Pourquoi une telle marge d'erreur ? On connaît peu de chose sur la structure des comètes, hormis le fait qu'elles sont constituées d'un mélange de glace et de roches. Tempel 1 n'est que la quatrième représentante à se faire approcher par une sonde spatiale, après Halley en 1986, Borrelly en 1998 et Wild 2 l'année dernière. Les observations ont permis de ne donner qu'une valeur approchée de la densité de ces corps glacés, qui varient, selon les calculs, de celle de la neige poudreuse à celle de la glace. «Ce qui change radicalement les conséquences du crash, explique Jacques Crovisier, de l'Observatoire de Paris-Meudon.
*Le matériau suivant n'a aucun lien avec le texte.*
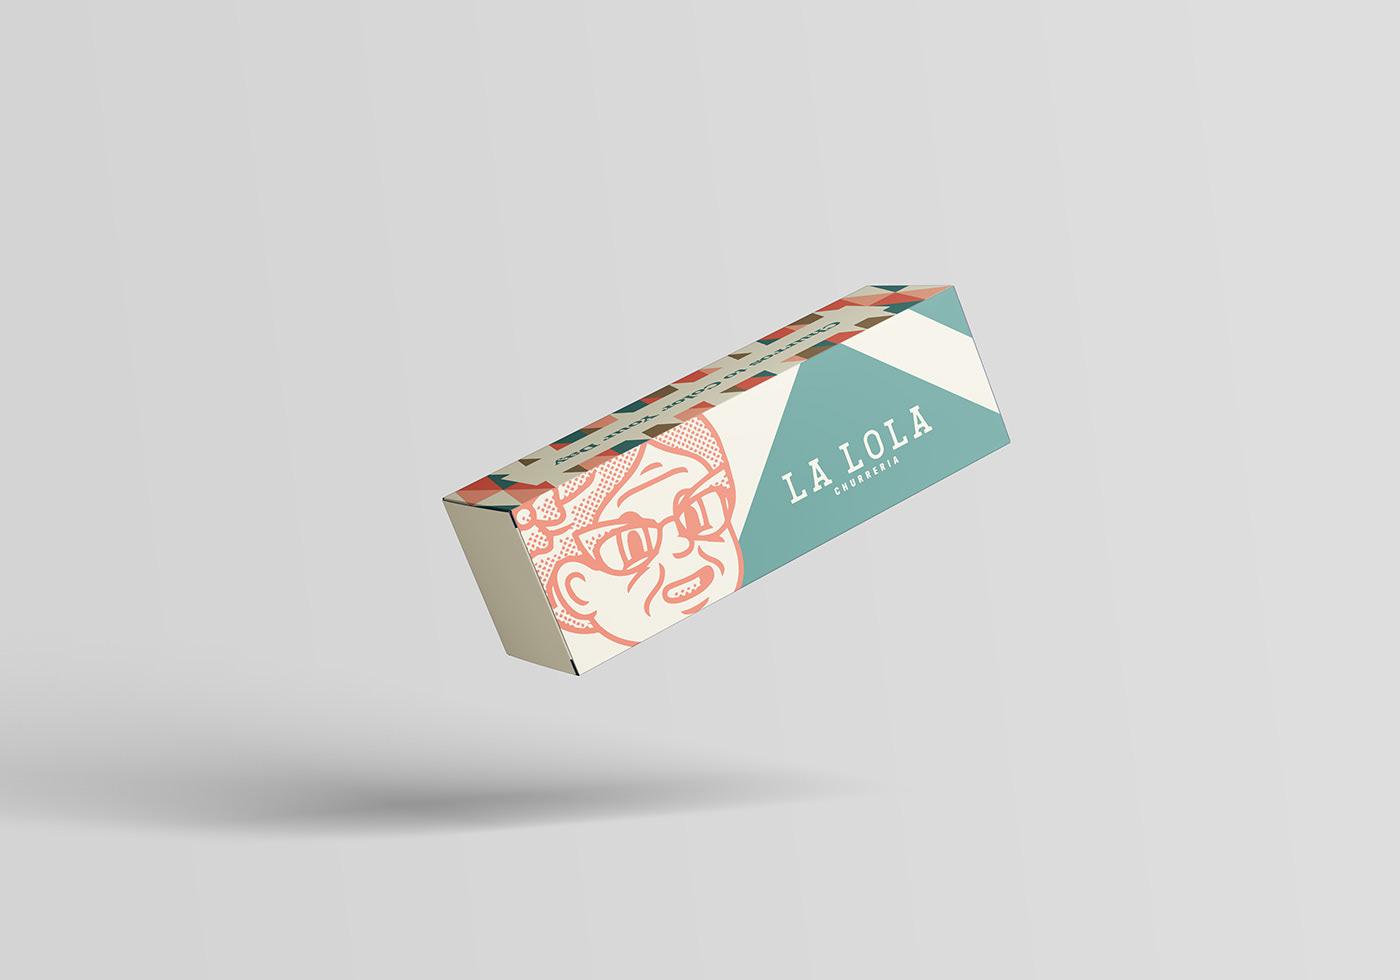 La Lola Pack Packaging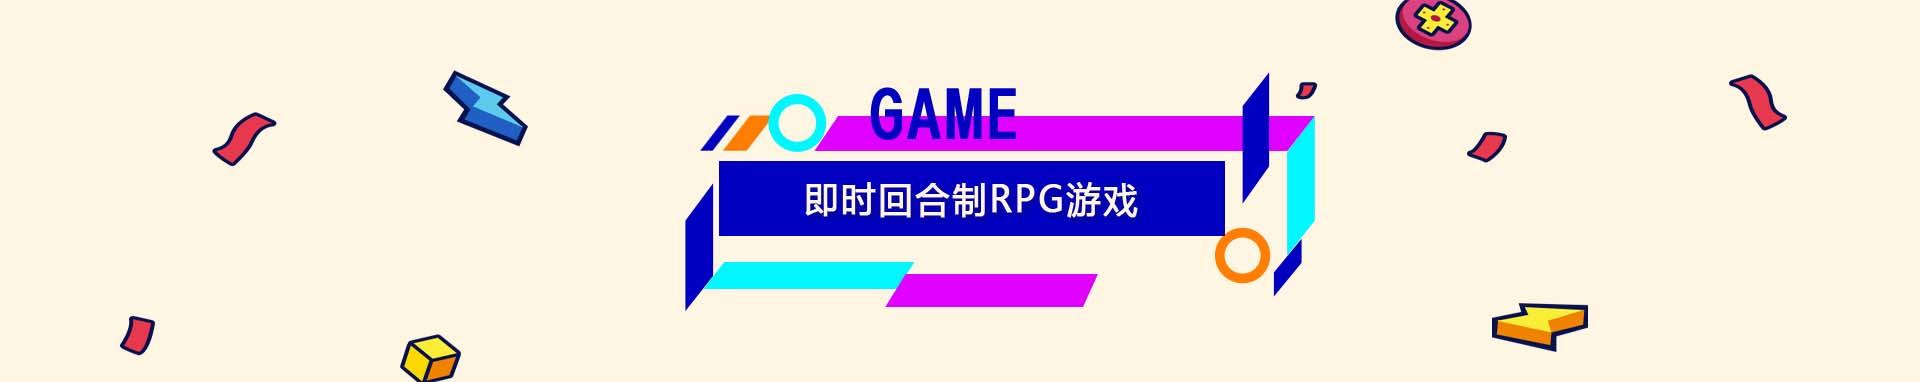 即時回合制RPG游戲_斗蟹游戲網

Plus la densité est faible et moins le cratère sera spectaculaire.» Pour certains, il se pourrait même que la comète soit tellement poreuse qu'elle absorbe complètement le choc qui n'aurait alors que peu d'effets.
Ce dernier scénario constituerait une vraie déception pour beaucoup de chercheurs. Car tous espèrent en fait que l'impact arrache suffisamment de matière à Tempel 1, qui devrait alors connaître un sursaut d'activité «pendant des semaines, voire des mois», précise Jacques Crovisier. Mises à nu, les couches de la comète situées sous sa surface sombre se vaporiseraient, faisant augmenter l'éclat apparent de Tempel 1. Jusqu'à la rendre même visible à l'oeil nu, pensent certains. Les chercheurs pourraient alors comparer la composition des gaz éjectés par la comète avant et après le crash pour tenter d'y découvrir des différences. Ce serait alors la première analyse directe de l'intérieur d'une comète. Il est même possible que les astronomes détectent de nouvelles molécules «présentes naturellement dans l'enveloppe de gaz et de poussières qui entoure le noyau cométaire, mais en trop faible quantité pour pouvoir y être détectées», selon Hervé Cottin, du Laboratoire interuniversitaire des systèmes atmosphériques à Paris.
Les données prises par la sonde ainsi que par les télescopes terrestres et spatiaux juste après le crash et dans les semaines qui suivront, devraient révéler en partie l'histoire de la formation de Tempel 1. Et donc nous en apprendre beaucoup sur la formation même du système solaire. Après cette «mise en bouche», les chercheurs tenteront de progresser plus encore grâce à la mission Rosetta, qui devrait, elle, opérer une manoeuvre encore plus délicate en allant se poser sur la comète Churyumov-Gerasimenko en 2014.